▶ _Task item_
An exact copy of the lines of the listing below between the "Artist: Yoshitoshi Tsukioka (1839-1892)" line and the "Series: Thirty-two Aspects" line, both included, is the whole answer; please omit the pictures.

▶ _Information_
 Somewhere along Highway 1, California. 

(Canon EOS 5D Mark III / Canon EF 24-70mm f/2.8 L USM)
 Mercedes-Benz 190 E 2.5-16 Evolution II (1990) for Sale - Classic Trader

--

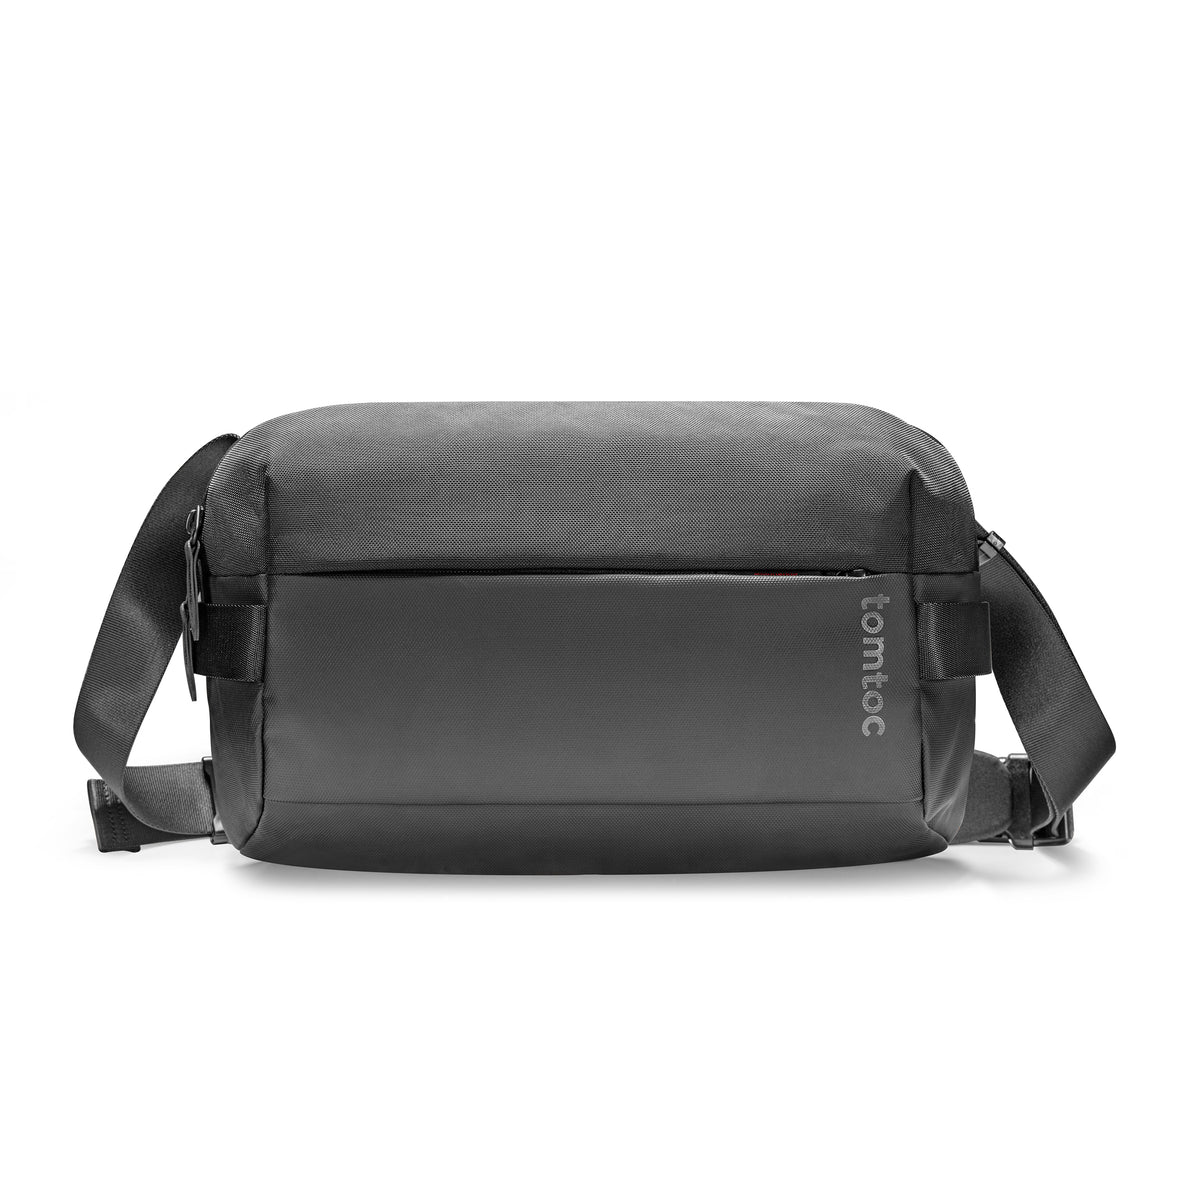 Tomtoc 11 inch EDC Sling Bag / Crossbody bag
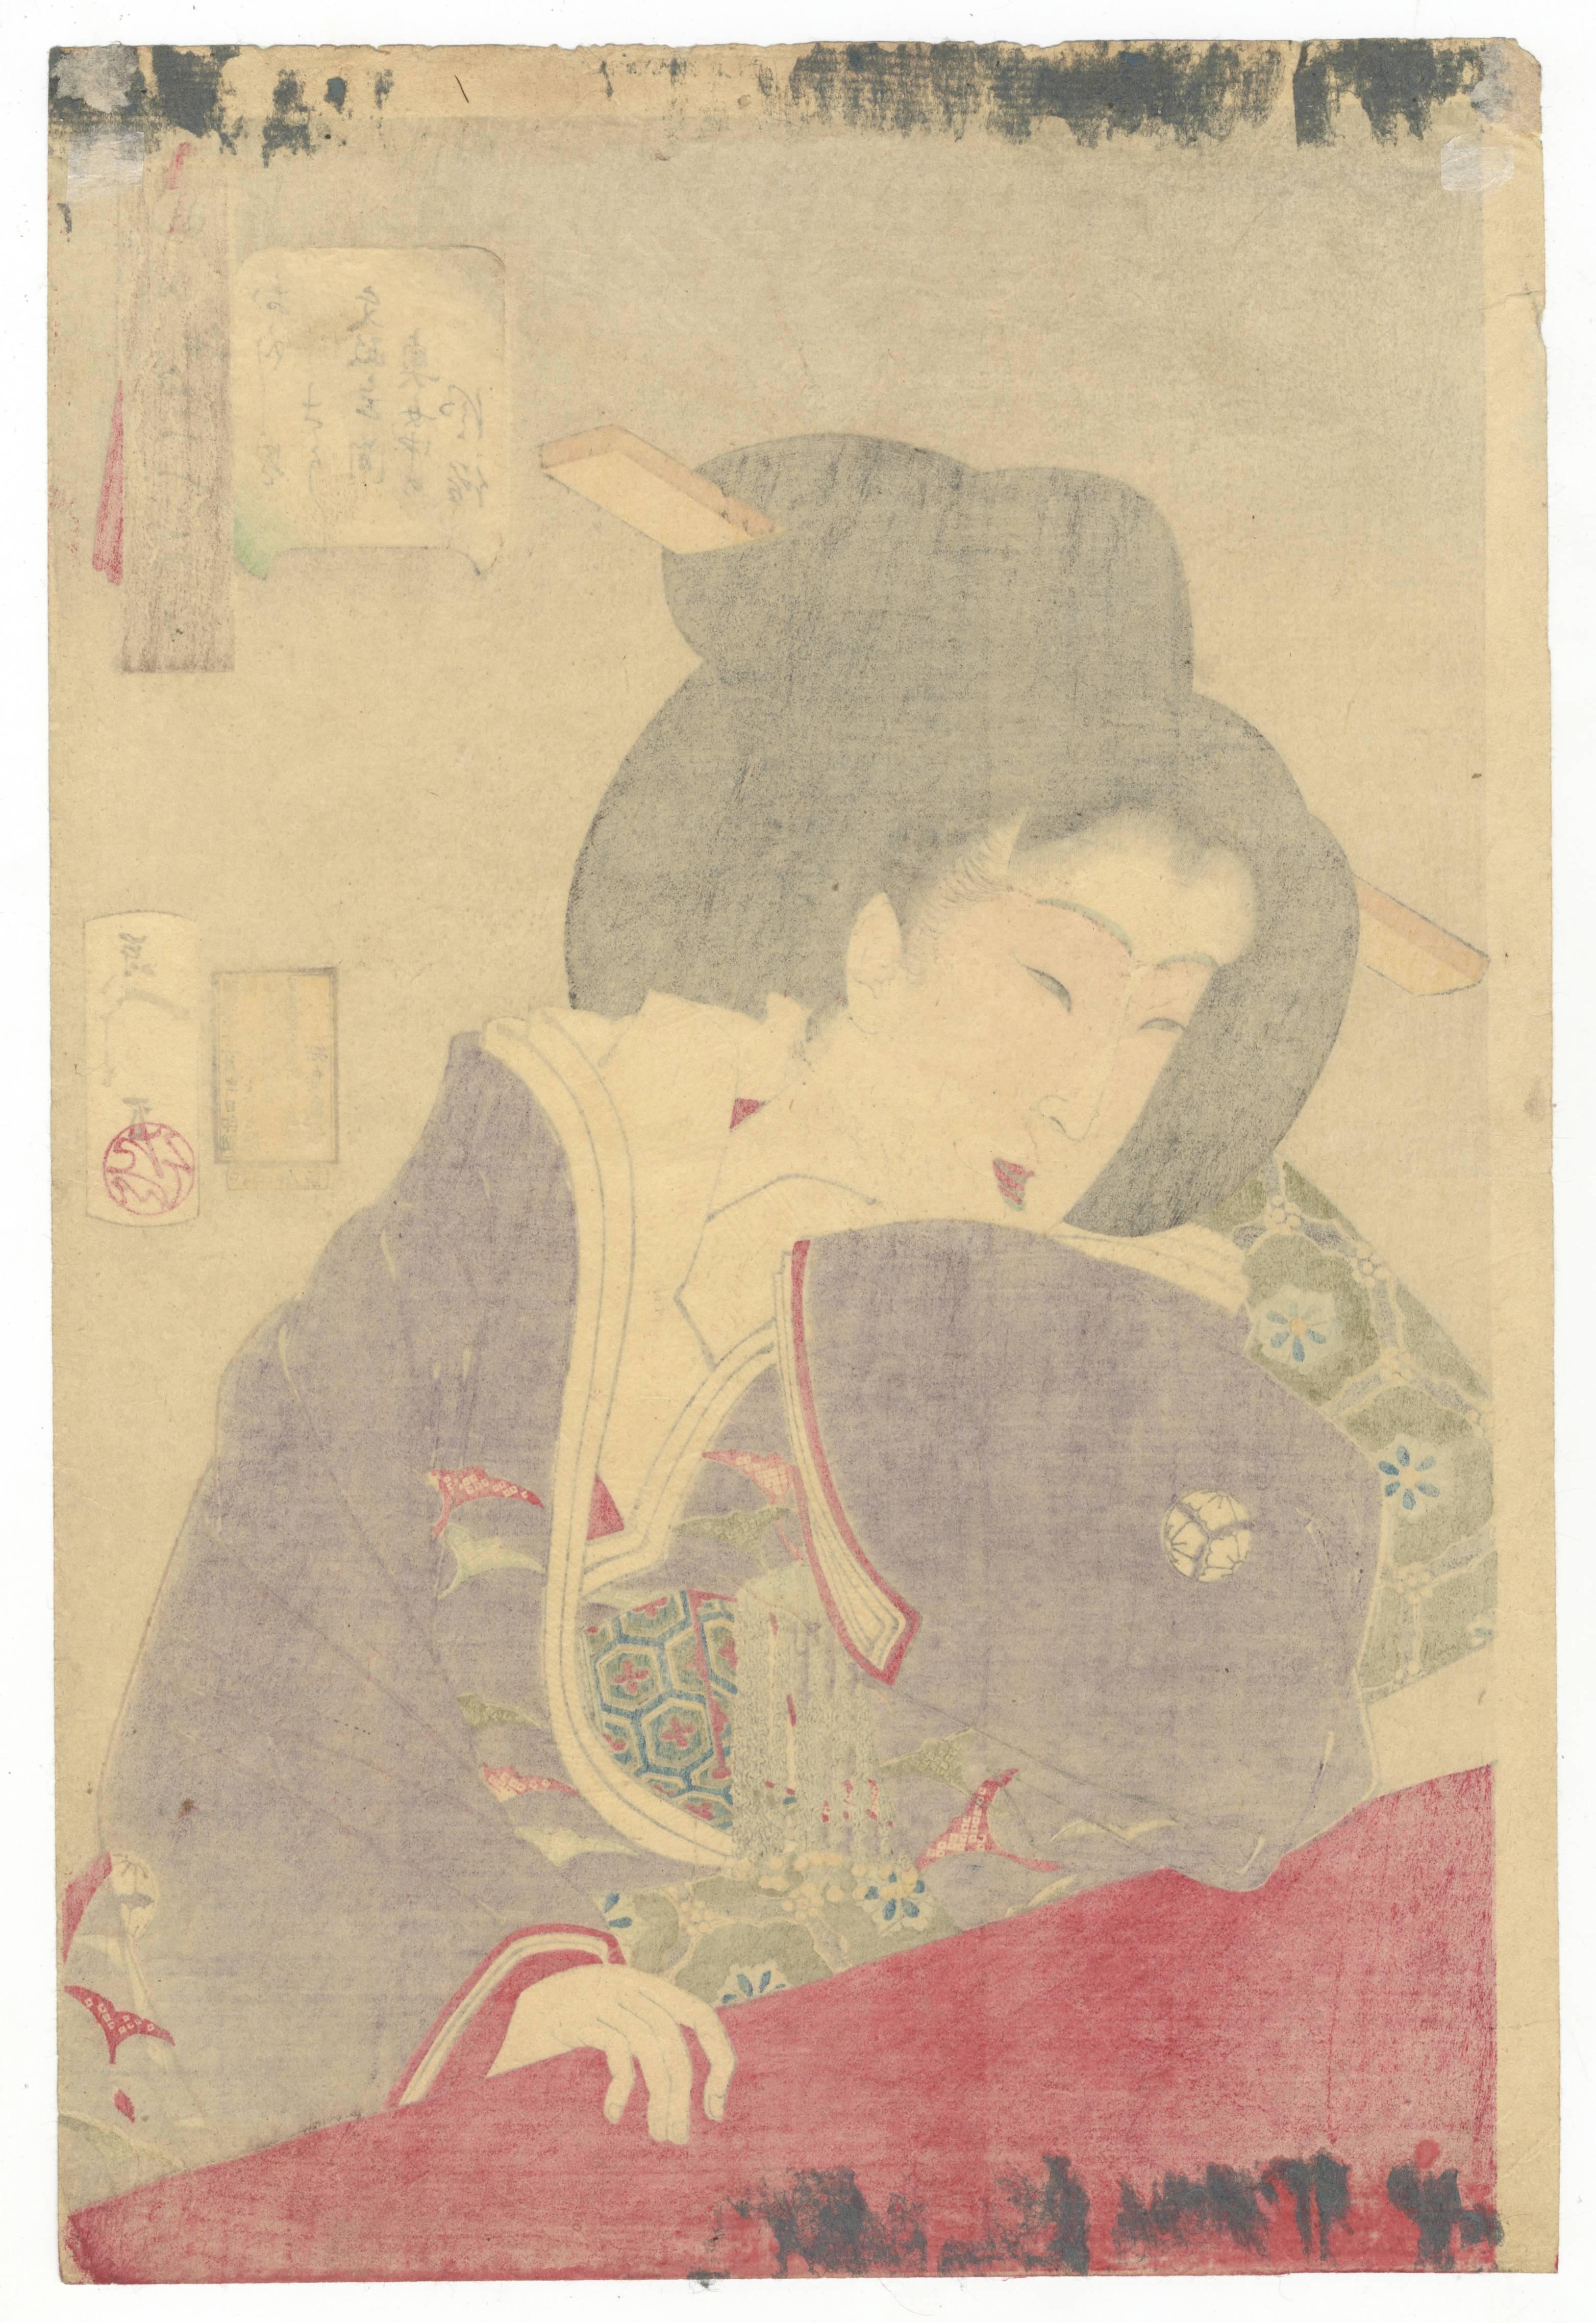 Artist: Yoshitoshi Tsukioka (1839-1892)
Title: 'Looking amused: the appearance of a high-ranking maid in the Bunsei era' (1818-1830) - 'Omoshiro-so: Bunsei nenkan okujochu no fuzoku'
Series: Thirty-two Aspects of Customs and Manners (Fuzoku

▶ _Exercise result_
 Artist: Yoshitoshi Tsukioka (1839-1892)
Title: 'Looking amused: the appearance of a high-ranking maid in the Bunsei era' (1818-1830) - 'Omoshiro-so: Bunsei nenkan okujochu no fuzoku'
Series: Thirty-two Aspects of Customs and Manners (Fuzoku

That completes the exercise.